California has, by far, the most House seats of any state, 52. Most incumbents are waltzing to reelection. But there are 10 House races that are at least somewhat competitive. With three weeks until election day, and early voting underway, a handful look as though they might go either way.
Barring the unexpected, the outcome is not likely to register high on the political Richter scale. "I could see either party gaining a couple of seats," said David Wasserman, a leading campaign analyst with the nonpartisan Cook Political Report with Amy Walter.
It's a fool's errand trying to predict election results. (Stop looking at me like that.)
But there is an unmistakable whiff of concern, if not quite panic, emanating from Democrats who have long seen California as a breakwater should a feared Republican wave sweep the country.
A trio of neophyte GOP lawmakers — Michelle Steel and Young Kim in Orange County and Mike Garcia in northern Los Angeles County — all appear in better shape than earlier in the election cycle, thanks in good part to a barrage of advertising financed by outside groups.
Garcia, who beat Democrat Christy Smith by just 333 votes in 2020, has been a top target of the party since going full-on Trump in a district that has become even more Democratic as a result of redistricting. But Democrats recently pulled back on their spending in the race, leaving Smith to largely fend for herself in a rematch against Garcia.
"The No. 1 factor here is money," Tom Persico, executive director of the Democratic Congressional Campaign Committee, told Politico of the struggle to match Republicans dollar for dollar.
Strategists for both parties agree the most competitive race in California, and the seat likeliest to change hands, is in the San Joaquin Valley, where Republican Rep. David Valadao is battling Democratic state Assemblymember Rudy Salas Jr.
Valadao, who broke with most in the GOP to support President Donald Trump's impeachment, was ousted in the Democratic wave year of 2018, but reclaimed his congressional seat in 2020. Democrats enjoy a significant registration advantage in the 22nd Congressional District and, in Salas, boast a candidate they have sought to recruit for years.
But Republican House leader Kevin McCarthy, of nearby Bakersfield, is personally close to Valadao and has made saving his seat a priority. The national party and its allies have spent accordingly.
The other toss-up in the state, both sides agree, appears to be the race for an open seat in the Central Valley representing a new district, the 13th, which touches on the edge of the Bay Area. Republican John Duarte, a farmer and owner of a family nursery business, faces Democratic Assemblymember Adam Gray.
Previous wave years have yielded different results in California.
In 1994, Republicans gained 54 seats nationwide to take control of the House for the first time in more than 40 years. That included a pickup of four California seats.
In 2010, by contrast, Republicans gained 63 seats nationwide but zero in California, a result of the incumbent-protection map the two parties shook hands on when they redrew political lines following the 2000 census.
Spurred in part by that act of naked self-interest, voters took the map-making process away from politicians and turned it over to an independent commission, which helped produce today's panoply of competitive races.

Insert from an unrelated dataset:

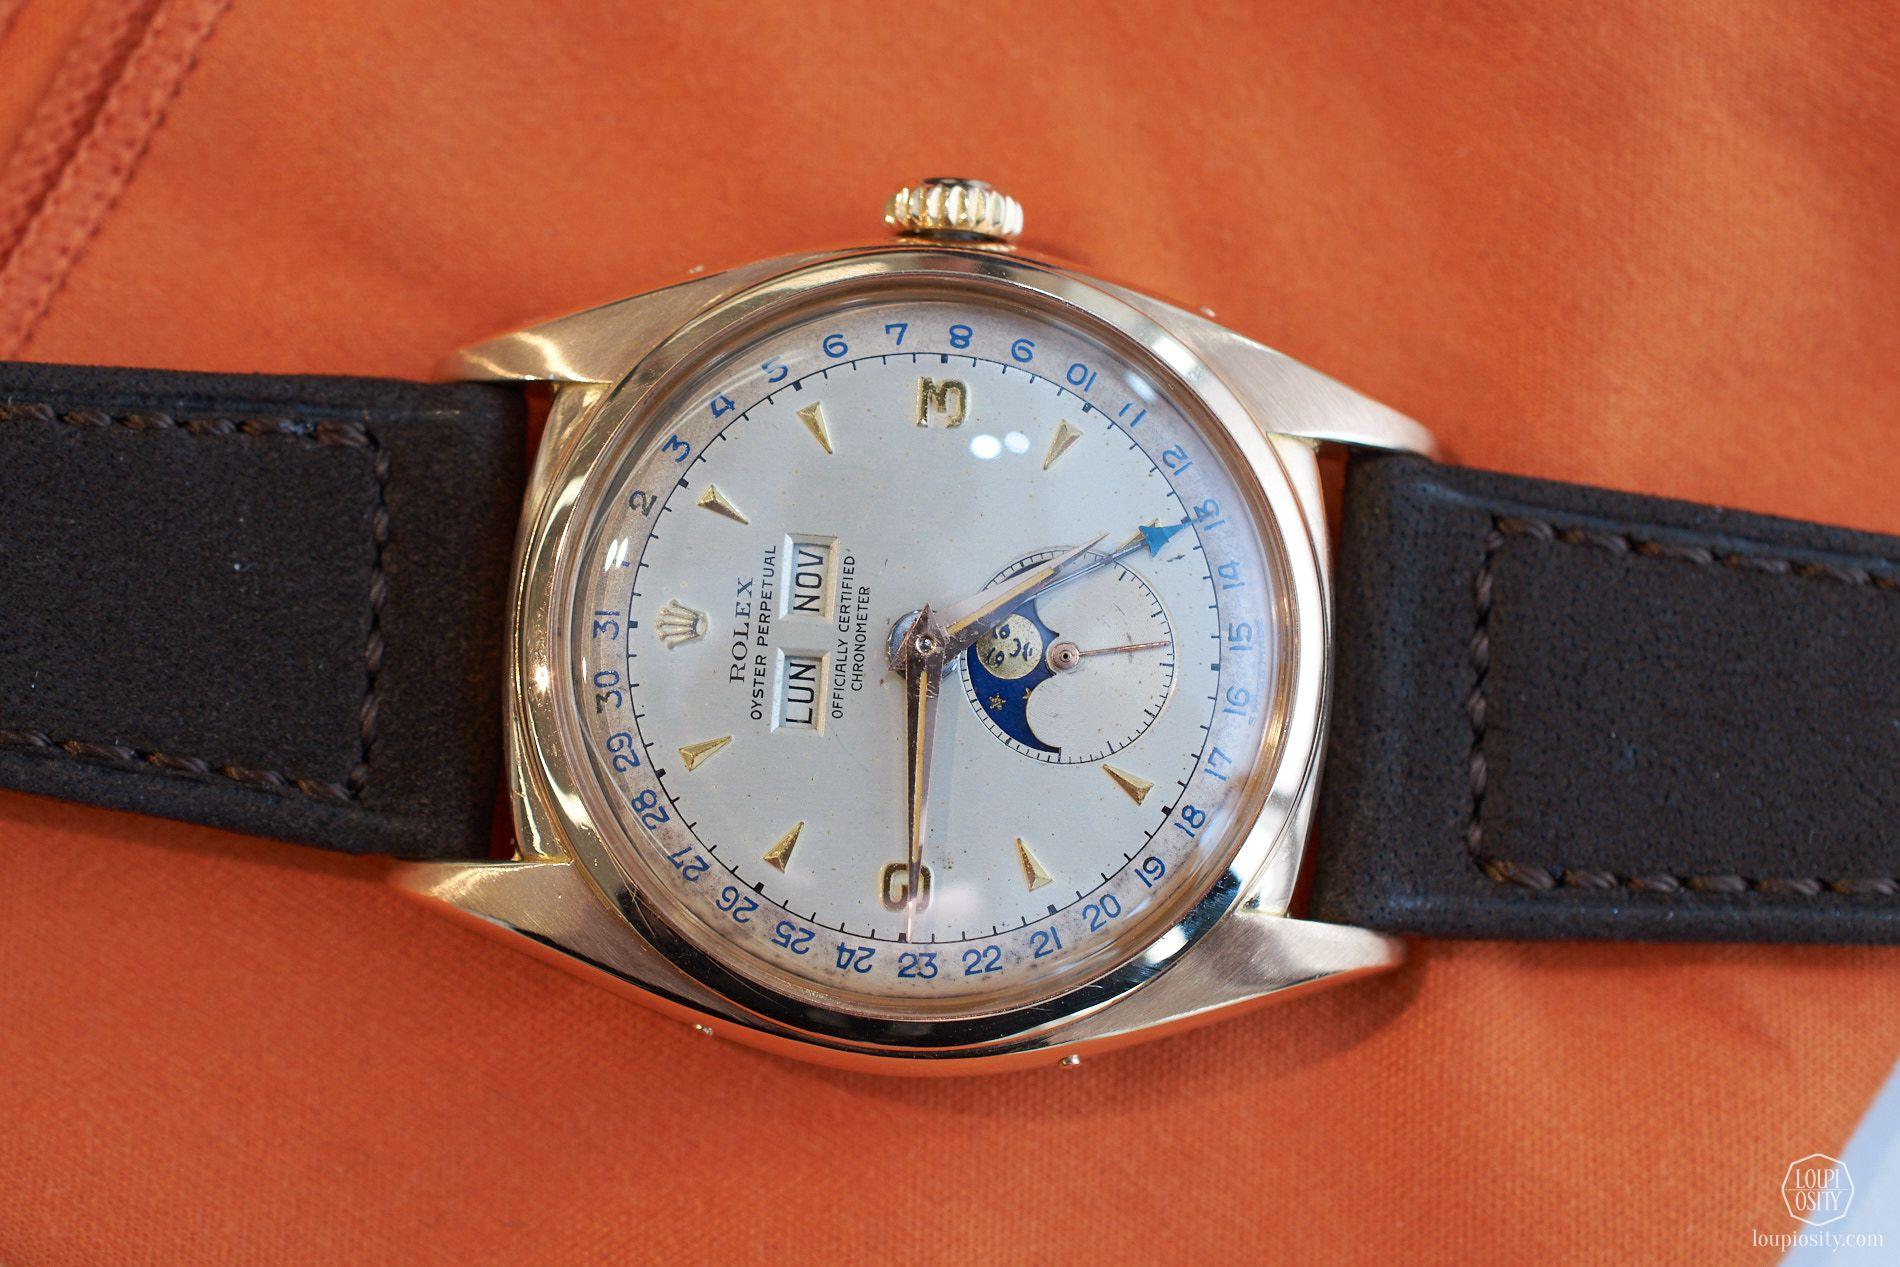 Phillips Geneva Watch Auction: Six - Loupiosity com

California prides itself on being a place apart. But, in truth, it moves to many of the same political rhythms as elsewhere.

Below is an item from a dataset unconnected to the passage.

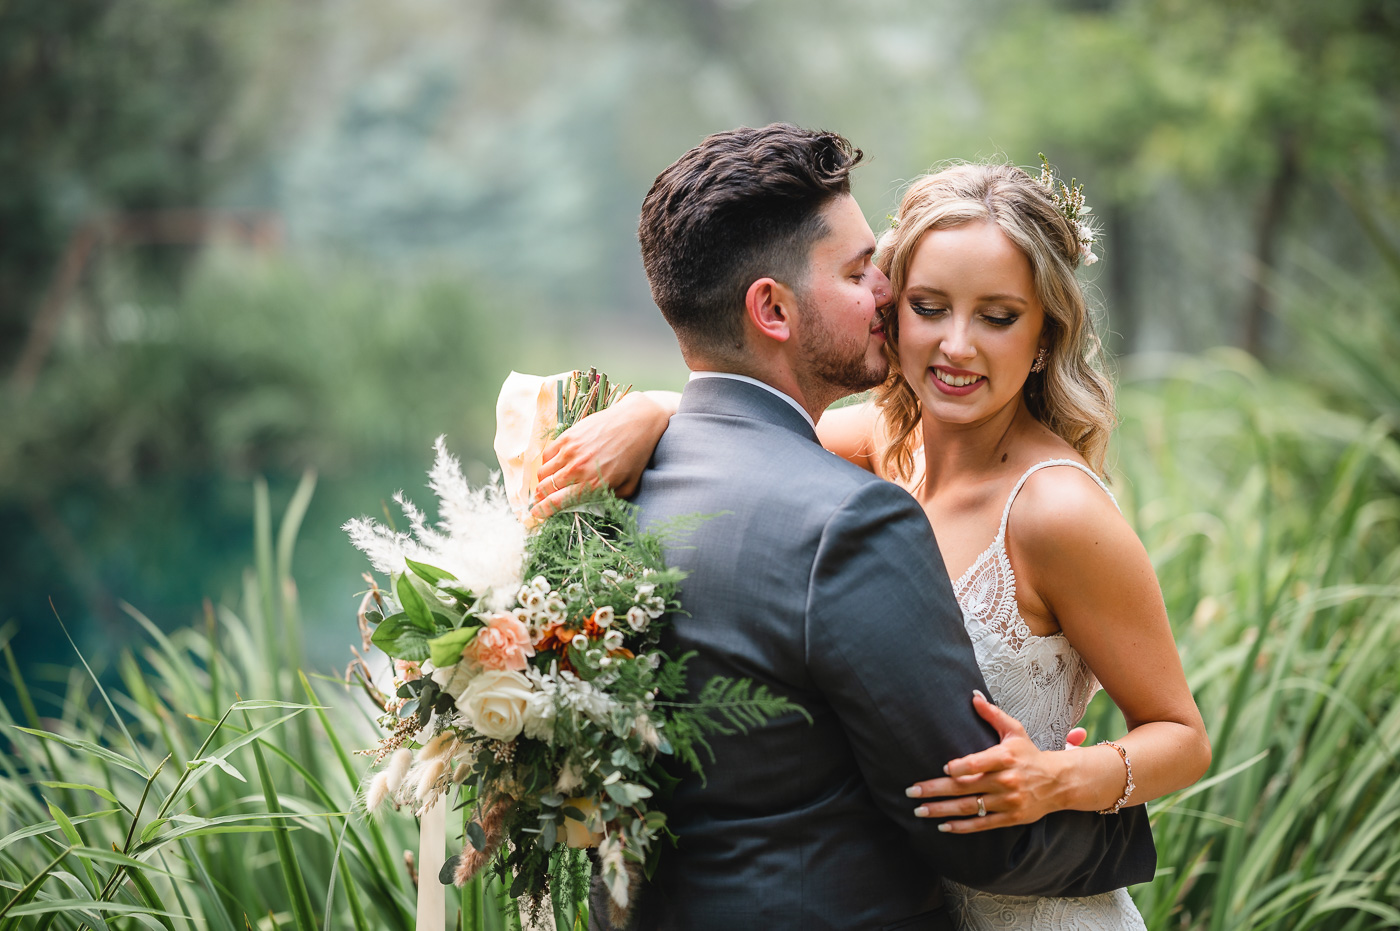 A newlywed couple embraces at a High Sierra Iris & Wedding Garden Wedding

Democrats hope the Supreme Court decision overturning Roe v. Wade and a ballot measure, Proposition 1, enshrining the right to abortion in the state constitution will swell the turnout of Democratic-leaning women as well as younger voters.

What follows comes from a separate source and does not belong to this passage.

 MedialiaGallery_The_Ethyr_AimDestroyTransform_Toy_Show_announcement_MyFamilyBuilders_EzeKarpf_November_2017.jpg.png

Republicans want to center the election on crime and inflation; the latter isn't hard to do with eye-watering prices at the gas pump and grocery stores.
Though the abortion issue is abstract to some, "Democrats are at risk of being held responsible for significant day-to-day issues voters are either experiencing or seeing on their television," said Nathan Gonzales, another top campaign analyst and publisher of the nonpartisan political guide Inside Elections.
History doesn't hold out great hope for Democrats.
For well over a century and a half, the party in control of the White House has typically lost congressional seats in the midterm election. Since the end of World War II, the average has been 27 House seats.
California isn't likely to save the Democratic majority. But the results here could spell the difference between bad and worse for House Democrats and a party leader, Pelosi, who calls the state home.